Krugman: War Is BAD for the Economy

“War Necessarily Inflicts Severe Economic Harm Even On the Victor”

We pointed out in 2009 that war is bad for the American economy. We noted in 2012 that military spending as “stimulus” can’t work, because conditions are different than they were in World War II.

We’ve reported for years that economists (like Paul Krugman) who believe that war stimulates the economy are wrong.  We exhaustively debunked this claim again just last month.

Mr. Krugman has now changed his mind. He wrote yesterday in the New York Times:

If you’re a modern, wealthy nation, however, war — even easy, victorious war — doesn’t pay. And this has been true for a long time. In his famous 1910 book “The Great Illusion,” the British journalist Norman Angell argued that “military power is socially and economically futile.” As he pointed out, in an interdependent world (which already existed in the age of steamships, railroads, and the telegraph), war would necessarily inflict severe economic harm even on the victor. Furthermore, it’s very hard to extract golden eggs from sophisticated economies without killing the goose in the process.

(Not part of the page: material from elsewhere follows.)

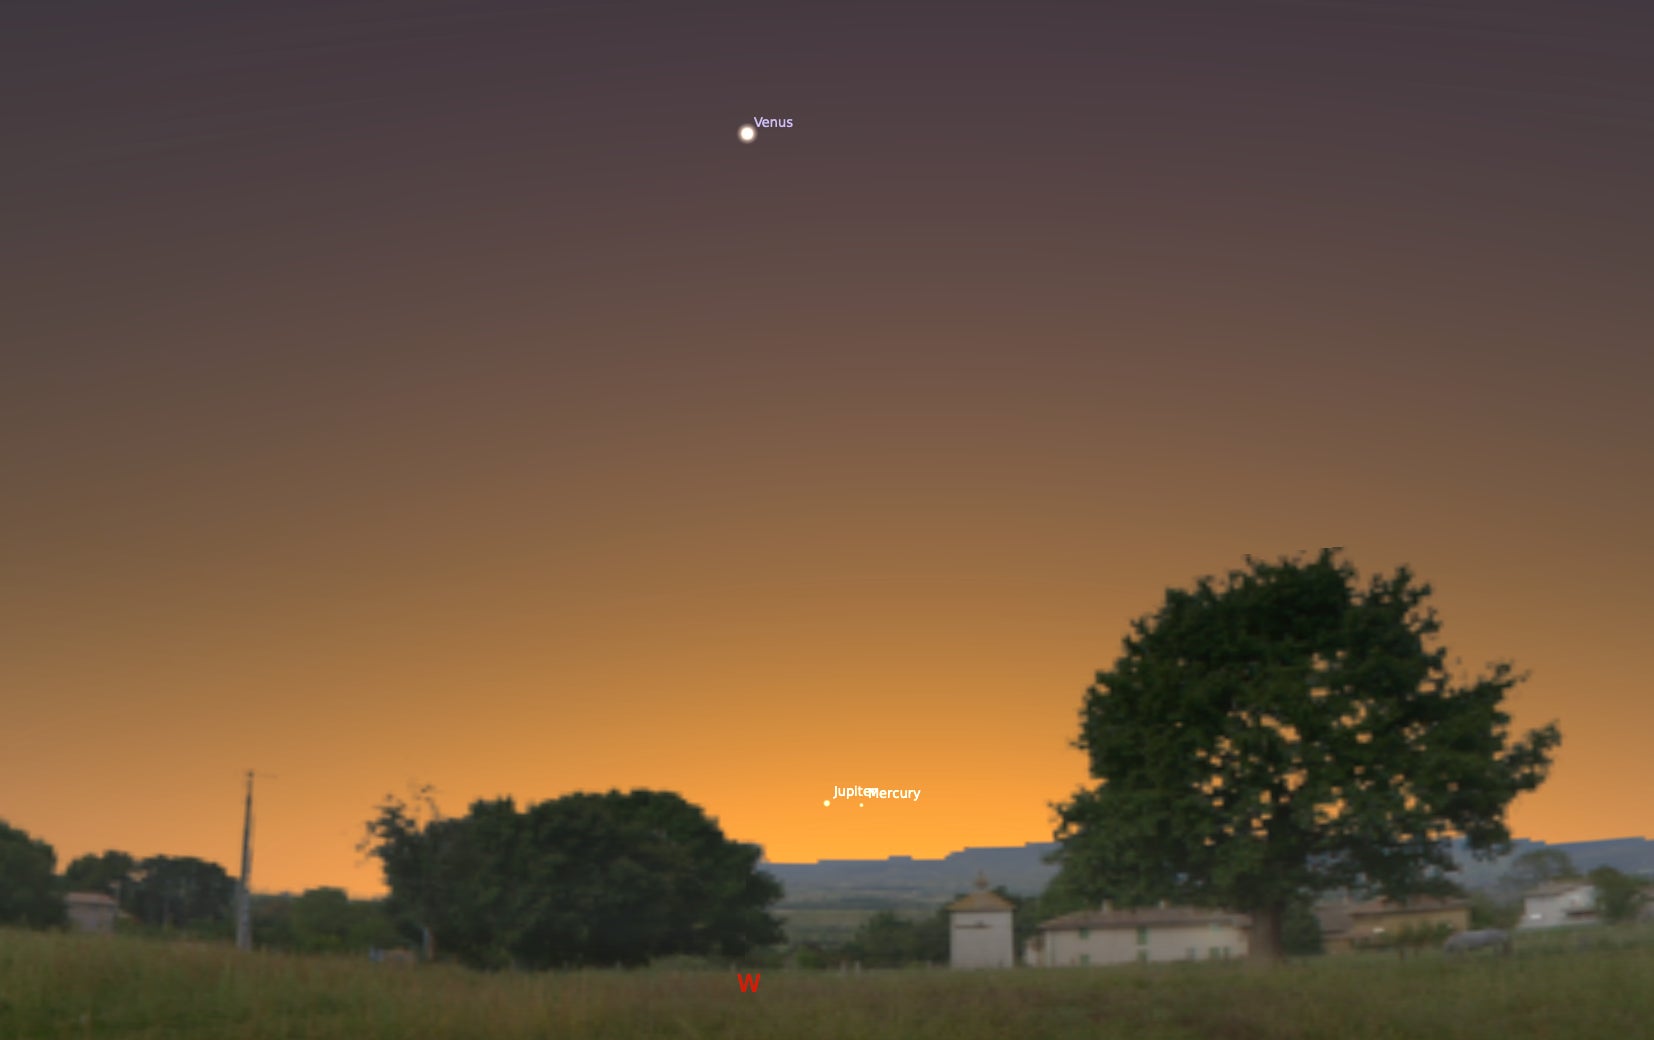 A sunset horizon, with Venus high up in the sky and Jupiter and Mercury low down, as they will appear in the planetary alignment on Tuesday, March 28, 2023.

We might add that modern war is very, very expensive. For example, by any estimate the eventual costs (including things like veterans’ care) of the Iraq war will end up being well over $1 trillion, that is, many times Iraq’s entire G.D.P.

So the thesis of “The Great Illusion” was right: Modern nations can’t enrich themselves by waging war.

This is a huge sea-change, and we thank Mr. Krugman for re-examining the evidence.